The Russians, in fact, have a serious security threat from restive Muslim populations, both within their borders and nearby—and they know it. So maybe we can help each other—just as in World War Two, when the US and USSR teamed up to beat Hitler. A lot of American GIs survived the “Good War,” of course, because we had Russian help.

Trump gets this potential for a US-Russian deal. As he said in his foreign policy speech to the Center for the National Interest in April, “Russia, for instance, has also seen the horror of Islamic terrorism,” and so there’s the opportunity, he suggested, for an understanding that would both cool tensions and kill terrorists. As Trump also said, “Common sense says this cycle, this horrible cycle of hostility, must end and ideally will end soon.” If it did, he added, it would be “good for both countries.” And that, of course, is how deals are made—through mutual advantage.

Of course, Trump still has his guard up:

Some say the Russians won’t be reasonable. I intend to find out. If we can’t make a deal under my administration, a deal that’s great — not good, great — for America, but also good for Russia, then we will quickly walk from the table. It’s as simple as that. We’re going to find out.

As the wise Ronald Reagan said of the Soviets in the 80s, “Trust, but verify.”

And the same holds true for China. The PRC also has a Muslim problem. It is home to more than 50 million Muslims, most of them ethnic Uighurs, who are a Turkic people, highly attuned to the jihadi currents rippling through the Middle East. And so China, too, has been the victim of repeated Muslim terrorist attacks. Moreover, as with the Russians, the Chinese have said, explicitly, that they would like to work with the US. Here’s a March 15 headline in China Daily“China seeks US cooperation to counter terror.”

Once again, to make a statement is not the same as making it true, but the obvious reality, that terrorism is a major threat to all the major powers, is enough to inspire some confidence that a deal is possible.
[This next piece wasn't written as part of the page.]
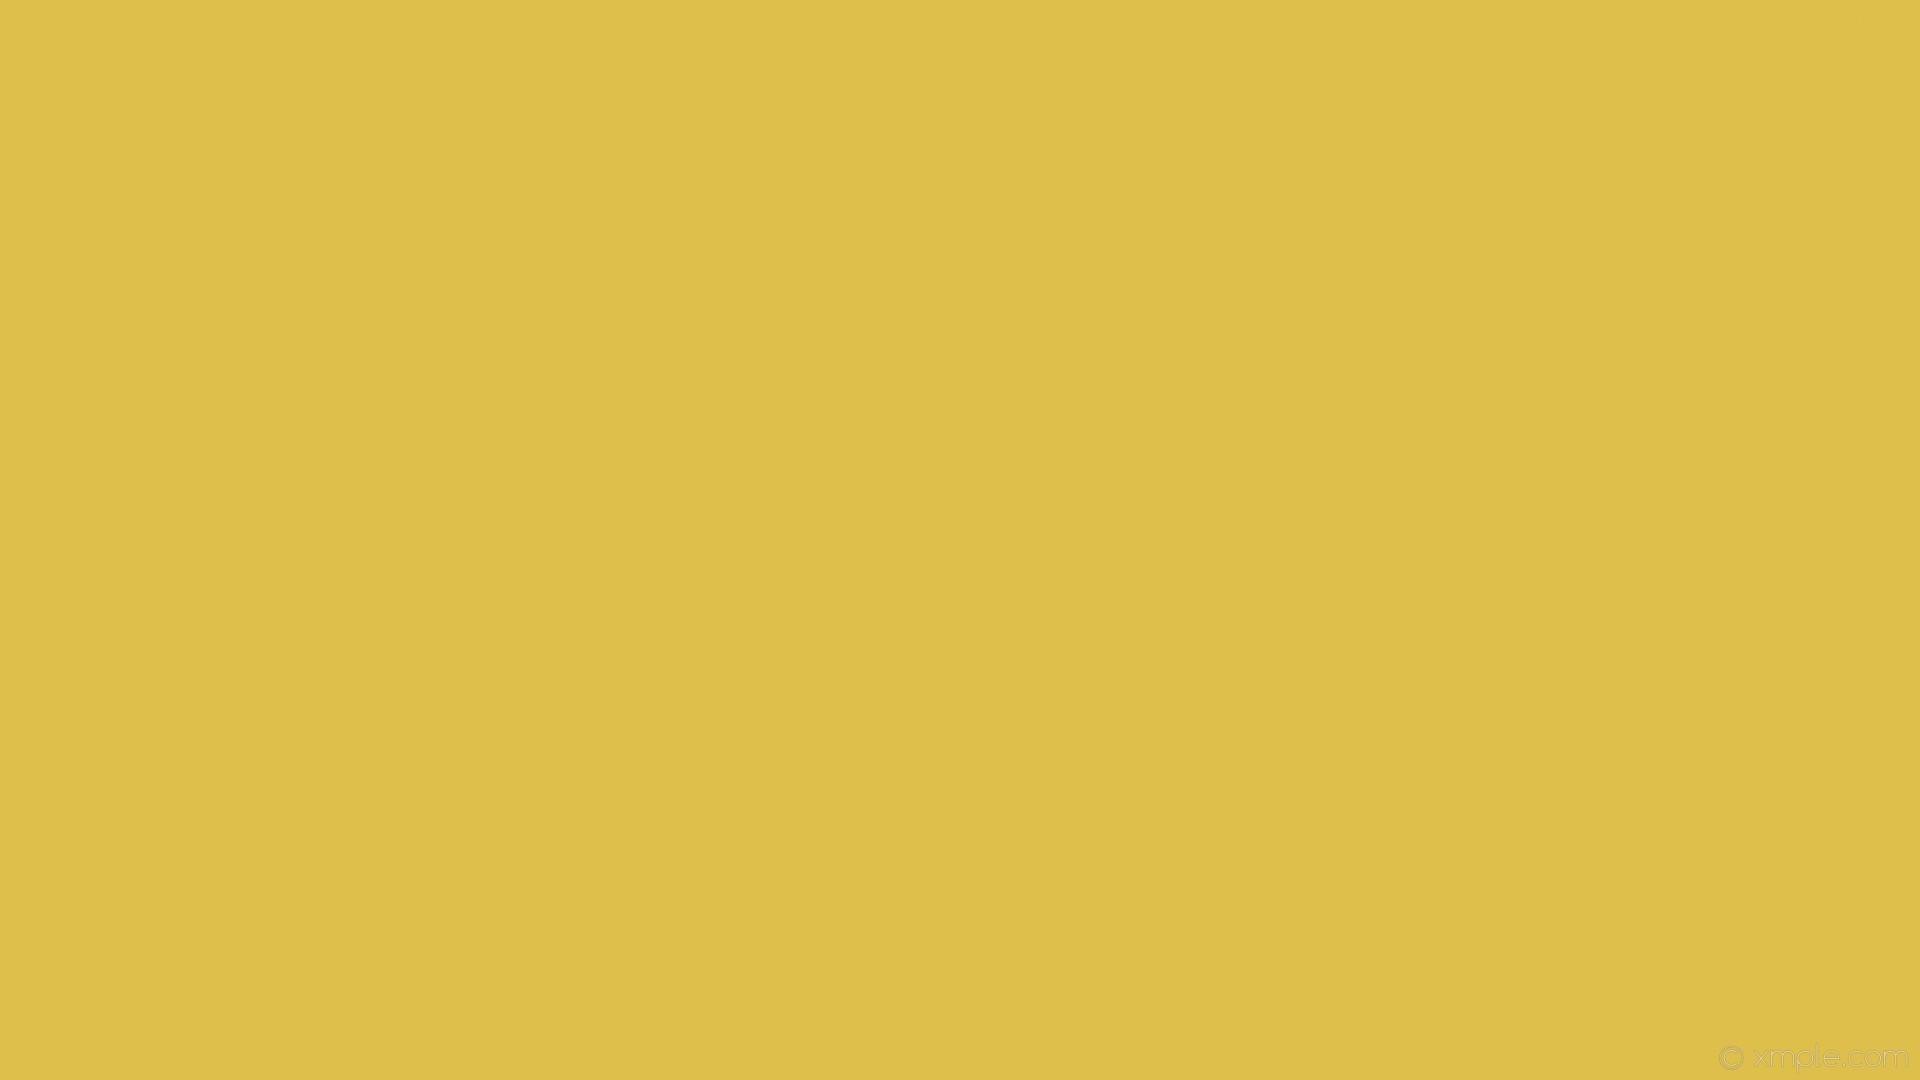 wallpaper one colour yellow single plain solid color #dfbf4c
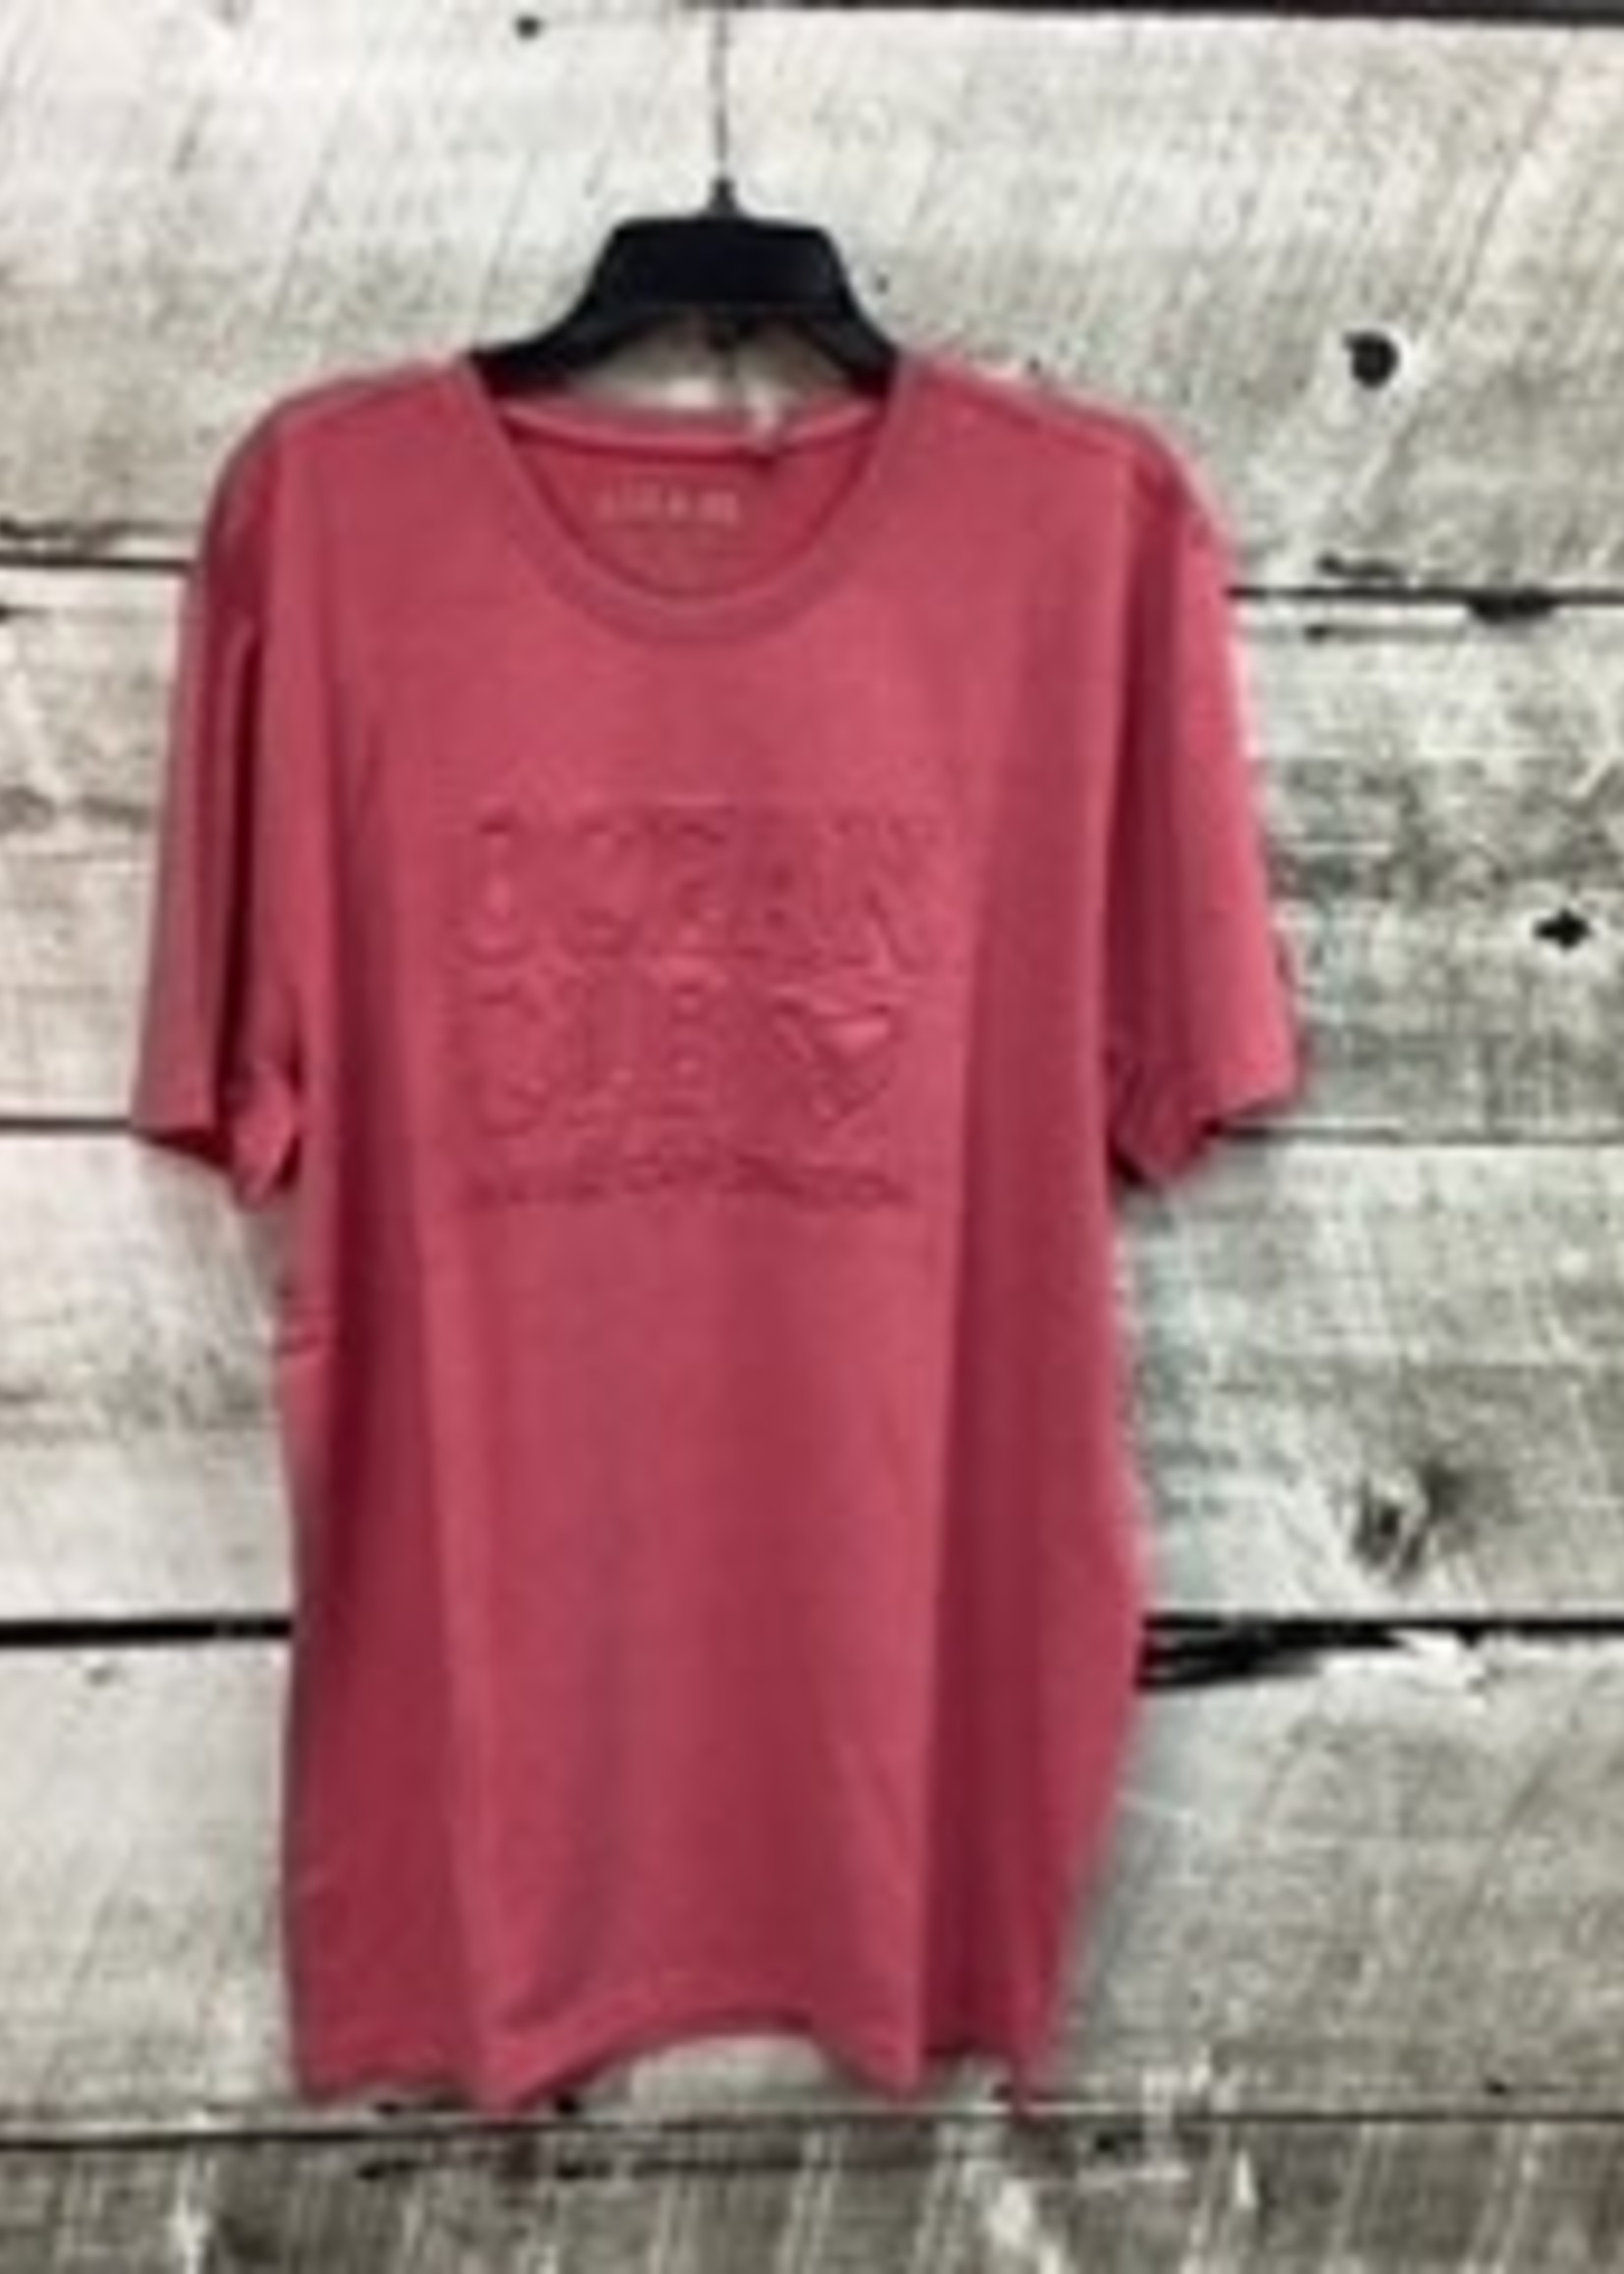 GIGA Ederra MN Tshirt 36885

As Trump also said in his speech last month:

We desire to live peacefully and in friendship with Russia and China. We have serious differences with these two nations, and must regard them with open eyes, but we are not bound to be adversaries. We should seek common ground based on shared interests.

  1. A Vision for Victory

So thus we see the outlines of a deal that would let the US concentrate on its urgent enemies: The next US president would reach an accord with Russia and China on counter-terrorism. Such an accord would open up the prospect that the US could actually succeed in containing Iran and ISIS, and also, in addition, open up the prospect of paving the way to additional “confidence-building measures” between the major nuclear powers. The point here is not necessarily that the US, Russia, and China are ever going to be best friends; instead, the goal here is to deal with the greater crises first, and the lesser crises, later. As Trump says, focus means just that: you focus on what you really have to get done. That’s strong management, and it’s also strong leadership.

As we have seen, in 1972, President Richard Nixon was a strong leader. Ignoring the advice of the lesser minds that preceded him, he went over the head of the North Vietnamese enemy to reach a deal with China and Russia, thus ending the Vietnam War.

And so, beginning in 2017, a President Trump might have the opportunity to meet with, once again, to China and Russia, this time to cut off the supply, aid, and comfort to the terrorist state of Iran, as well as to all the major terrorists of the world.

That’s peace, and peace with honor. That’s greatness.